AKAP13 is unique, because it is the only GEF that couples a protein A-kinase regulatory protein-binding domain with carboxyl regions capable of integrating multiple cellular signals. In support of a possible role of the protein A kinase region of Akap13 in activation of bone marrow-derived stromal cells, a pyrazole-pyridine compound (CW008) that activates cAMP/PKA/CREB signaling has been shown to stimulate osteoblast differentiation and osteogenesis in ovariectomized mice.⁽⁴⁹⁾ Conversely, we observed that Akap13^+/− mice had reductions in Runx2 transcripts, and that knockdown of Akap13 in uncommitted BMSCs and osteogenic MC3T3E1 cells led to significant reductions in Runx2 transcripts. Runx2 is a master regulator and a transcription factor in bone development.⁽⁵⁰⁾ Reduction of Runx2 in the Akap13 haploinsufficient mice supports a role for Akap13 in early osteoblast differentiation.

The Rho-type small GTP-binding proteins (Rho GTPases) are known to play an important role in regulating cytoskeletal formation, cell proliferation, and cell differentiation, and several lines of evidence indicate the initial events for commitment to osteogenesis require intact RhoA signaling.^(7–9) Notably, the role of RhoA in osteogenesis and osteoblast differentiation is complex, and is not as simple as an “on” or “off” switch.

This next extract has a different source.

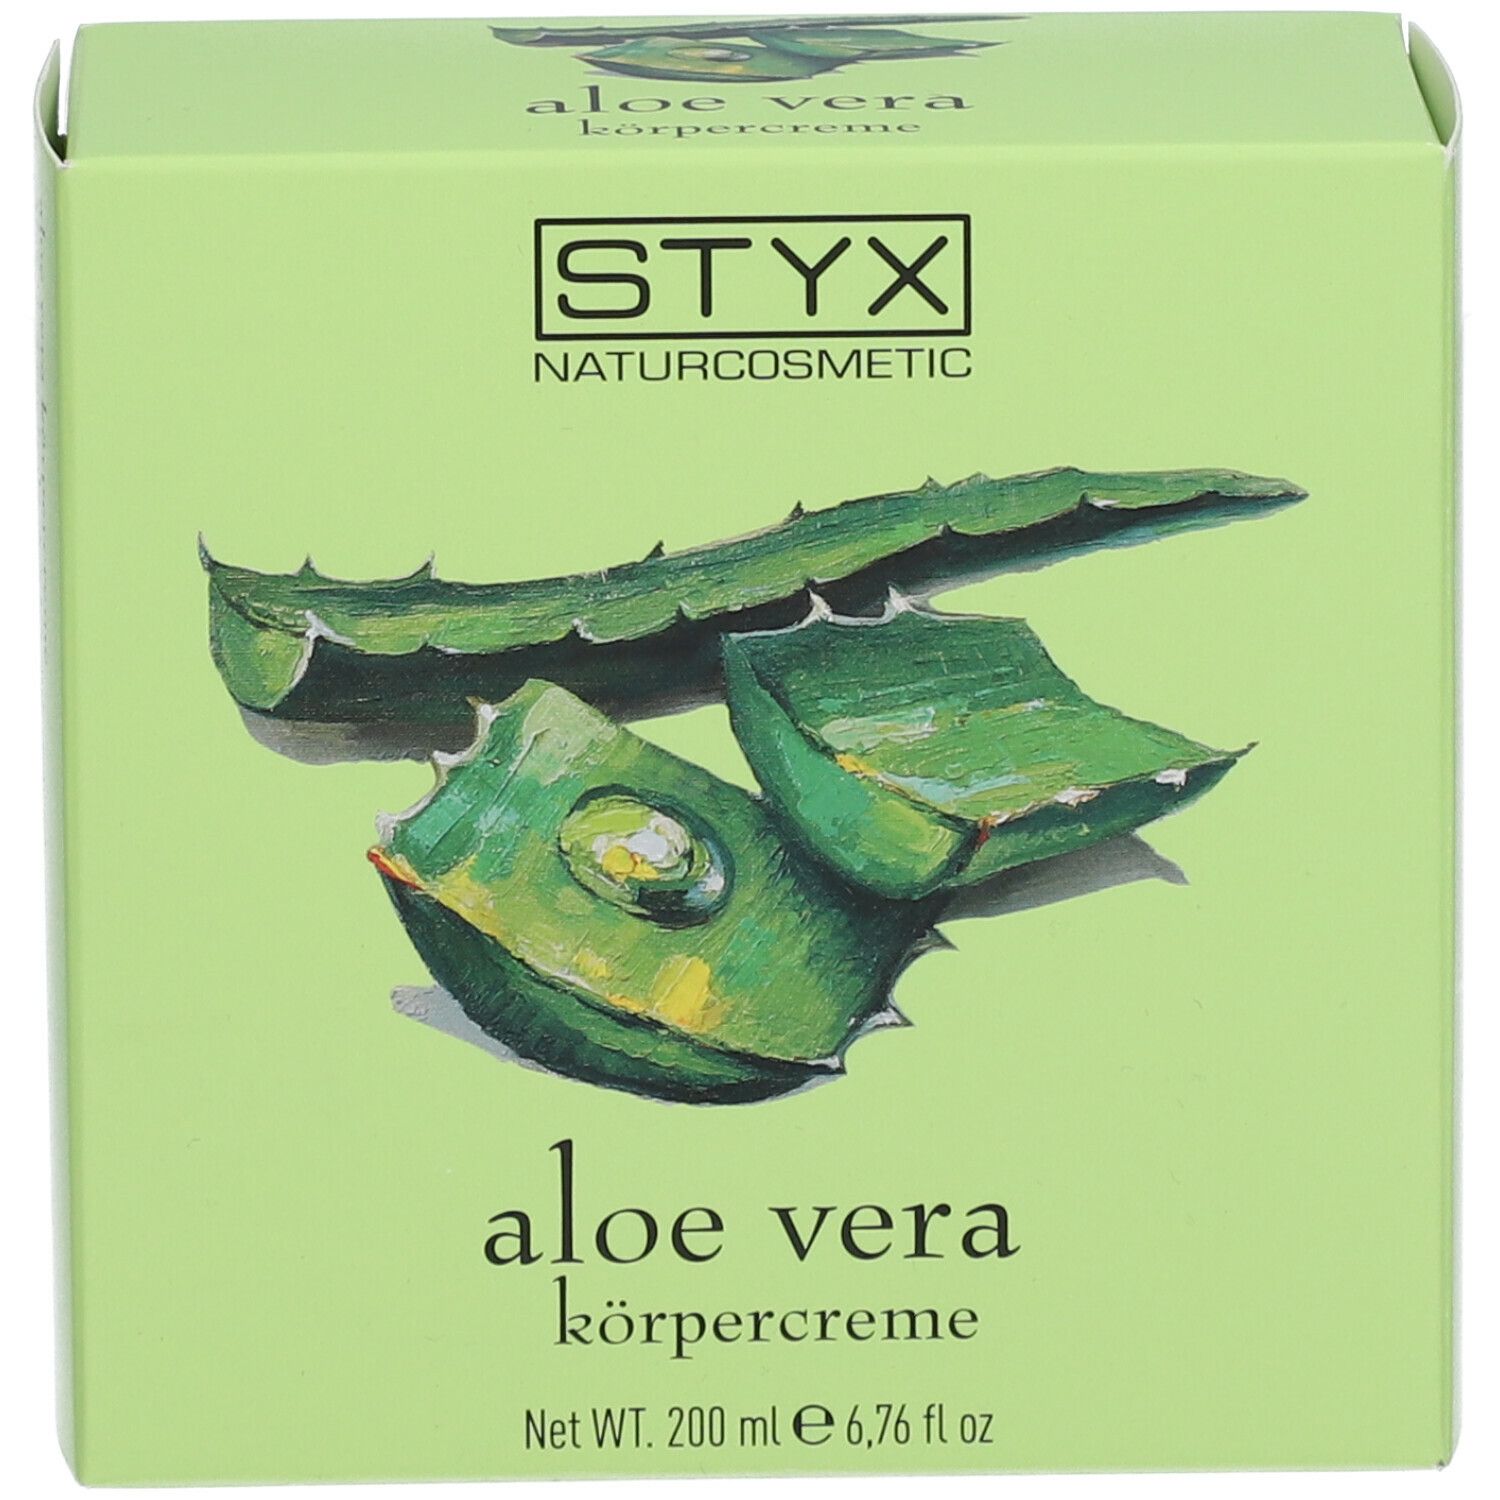 STYX Aloe Vera Körpercreme

Levels of Akap13 are high in preosteoblasts, but become reduced during differentiation. At later stages of osteoblast differentiation, Rho has been shown to inhibit bone accumulation, as shown by mice that conditionally expressed an osteoblast-specific RhoA dominant negative mutant, which had a high bone mass and Type 1 collagen transcripts.⁽⁵¹⁾ Interestingly, our data (Supplementary Table 3) support this finding, because dynamic labeling experiments at 20 weeks indicated resident osteoblasts haploinsufficient for AKAP13 exceeded matrix production of osteoblasts from the WT mice, which showed reductions in bone formation due to aging. RhoA and Rho-associated protein kinase (ROCK) inhibit the phosphorylation of insulin receptor substrate 1 (IRS-1), which is the crucial step in IGF-1 signaling favoring osteoblast differentiation. Moreover, it was previously reported that inhibition of ROCK increases BMP2 and OSTEOCALCIN in human osteoblasts.⁽⁵²⁾ It should be emphasized that extracellular cues and substrate can greatly affect levels of active RhoA, which underscores the importance of observations in an in vivo murine model of bone formation and development.^(53,54)

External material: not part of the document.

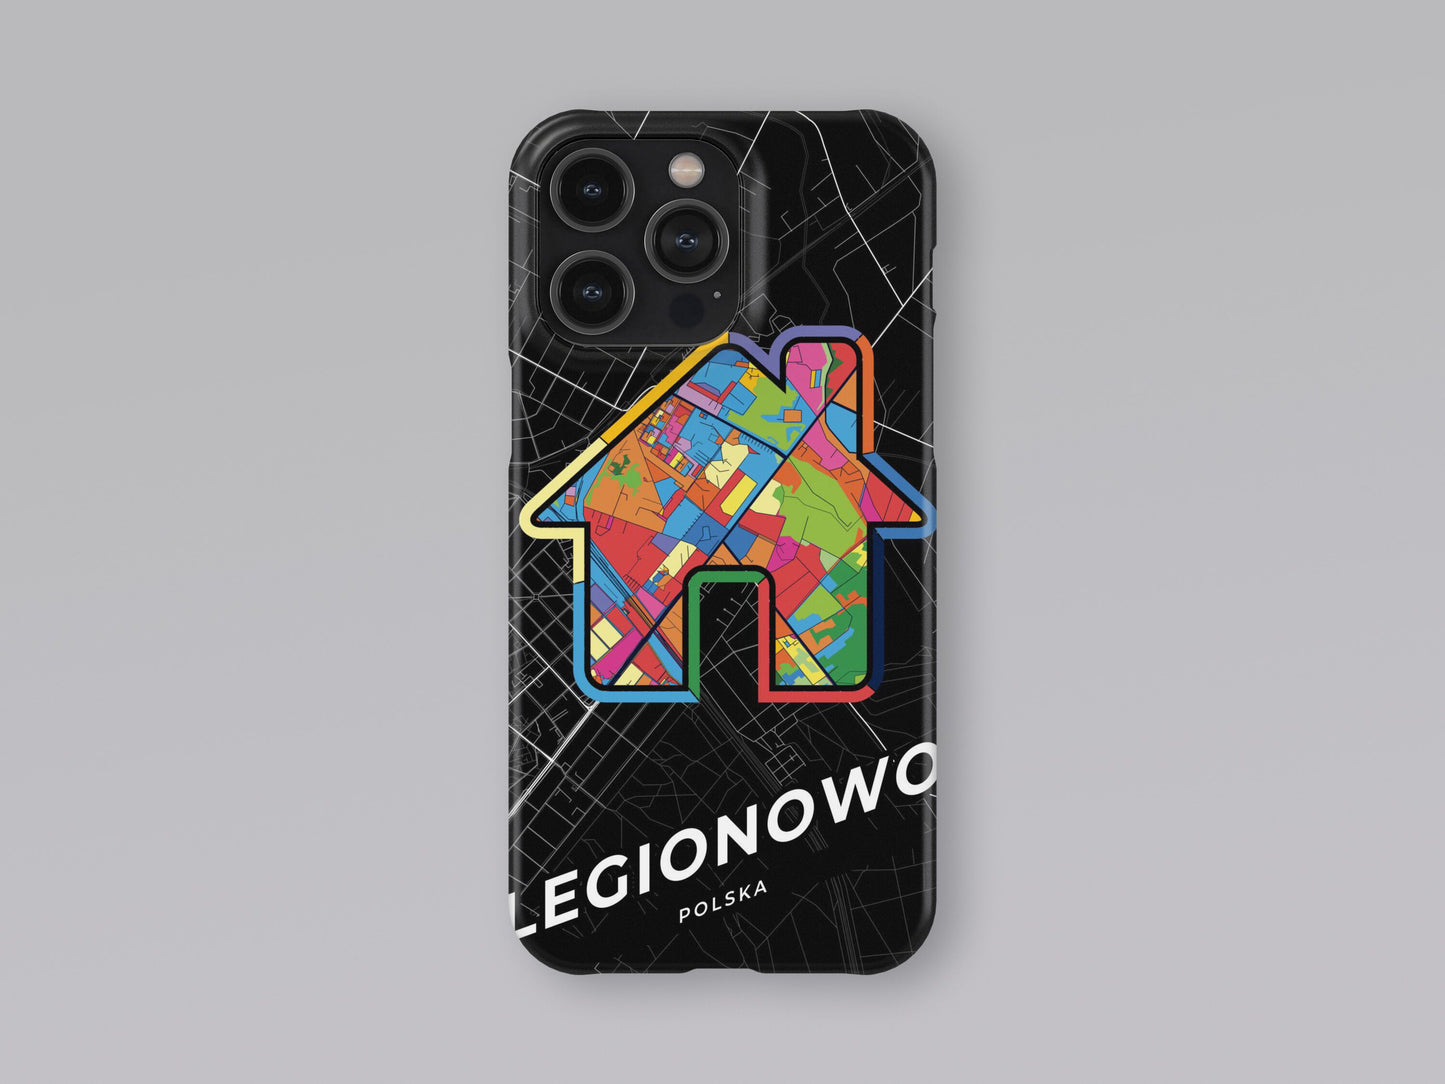 Legionowo Poland slim phone case with colorful icon. Birthday, wedding or housewarming gift. Couple match cases. 3

In conclusion, Akap13 haploinsufficient mice exhibited an osteoporotic phenotype characterized by a reduction in BMD, reduction in production of extracellular matrix, and reduced numbers of osteoprogenitors and mature osteoblasts. The root cause of the reduction in bone mass appears to be impairment in differentiation of osteoprogenitors resulting in deficient osteoblast numbers.